Neuroinflammation is a key aspect of various injuries and diseases of the central nervous system and brain, including stroke, Alzheimer’s, Parkinson’s, multiple sclerosis, etc. Phoenixin-14 is a naturally occurring pleiotropic peptide involved in reproduction, anxiety, pain, and other functions.

Materials and Methods

Primary astrocytes were isolated from new-born pups of c57bl/6 mice. The gene expression of GPR173, CHOP, and GADD34 was measured by real-time PCR. Protein expression was assessed by western blot analysis.
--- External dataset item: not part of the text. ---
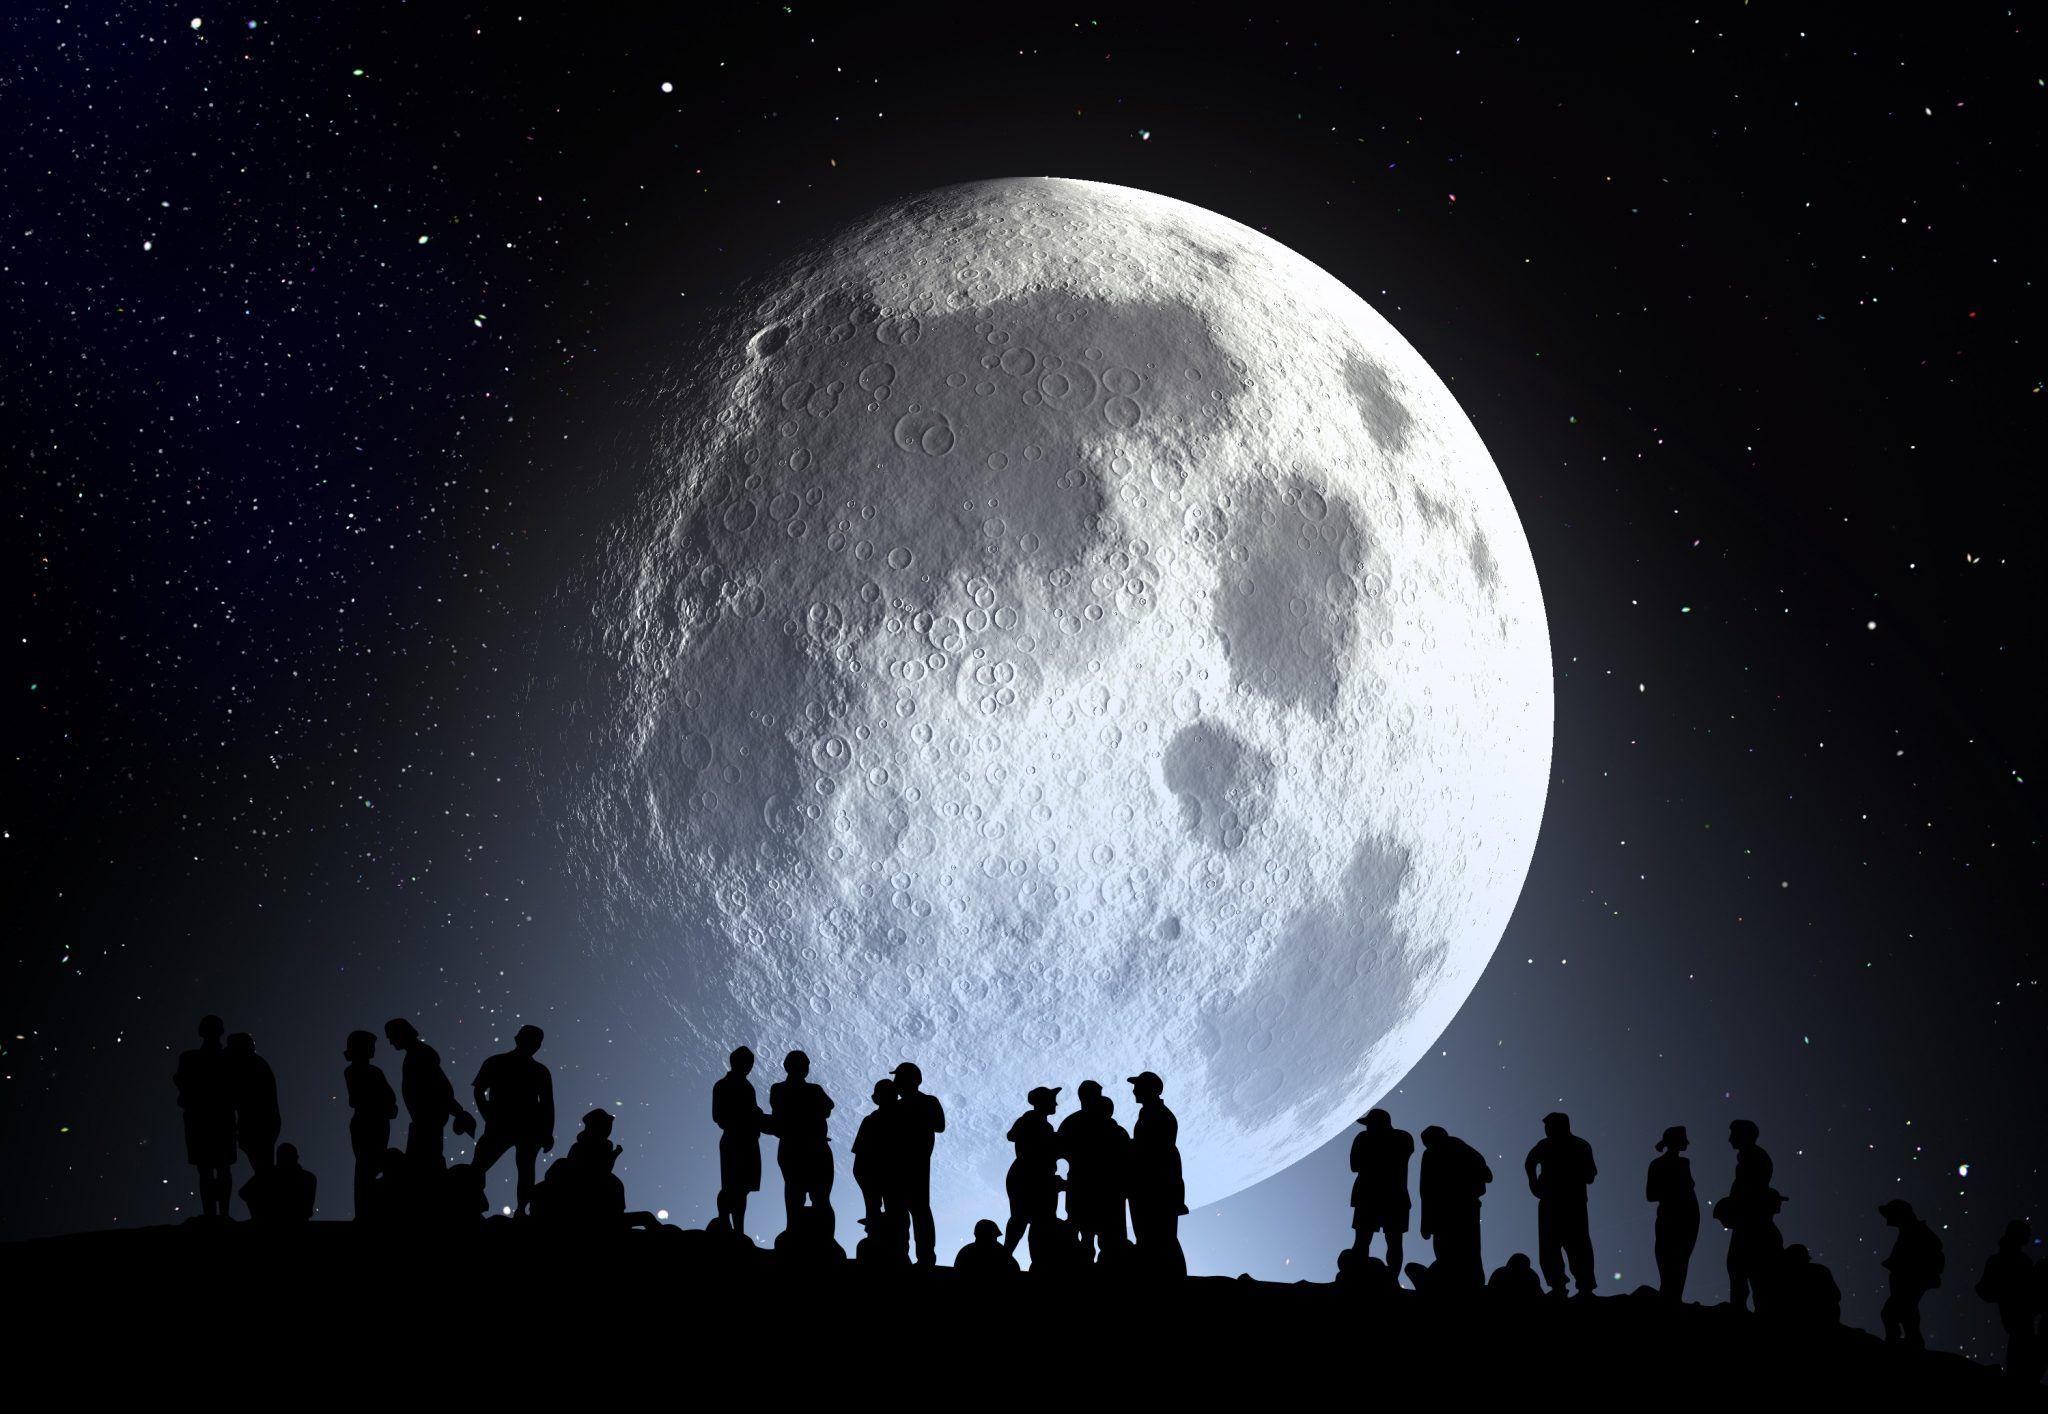 (CANCELADO POR CLIMATOLOGIA) 21-05-2021.- Observación Astronómica en Colmenarejo: Luna, Cielo Profundo, Paseo Estelar…

Secretions of IL-1β and IL-18 were determined by ELISA.

Results

Phoenixin-14 (PNX-14) is a ligand for the G protein-coupled receptor GPR173, which we demonstrate to be expressed in astrocytes and suppressed by exposure to lipopolysaccharide (LPS). Endoplasmic reticulum (ER) stress resulting from injury or disease leads to the unfolded protein response, which is mediated by the activation of transcription factors including eIF-2α, ATF4, and CHOP, and regulated by GADD34. ER stress also leads to a robust neuroinflammatory response, which is mediated by HMGB1-induced activation of the NLRP3 inflammasome and subsequent production of IL-1β and IL-18. In the present study, we demonstrate that PNX-14 could attenuate LPS-induced ER stress response and NLRP3 inflammasome activation in mouse cerebral astrocytes. Our findings show that PNX-14 could suppress the production of ROS as well as the decrease in SOD induced by LPS. PNX-14 also inhibited HMGB1-mediated NLRP3 inflammasome activation and production of IL-1β and IL-18. Through a GPR173 siRNA knockdown experiment, we further demonstrate that GPR173 knockdown abolished the effects of PNX-14 on LPS-induced NLRP3 expression and IL-18 production.

Conclusion

These findings suggest that PNX-14 may have potential in the treatment of neuroinflammation.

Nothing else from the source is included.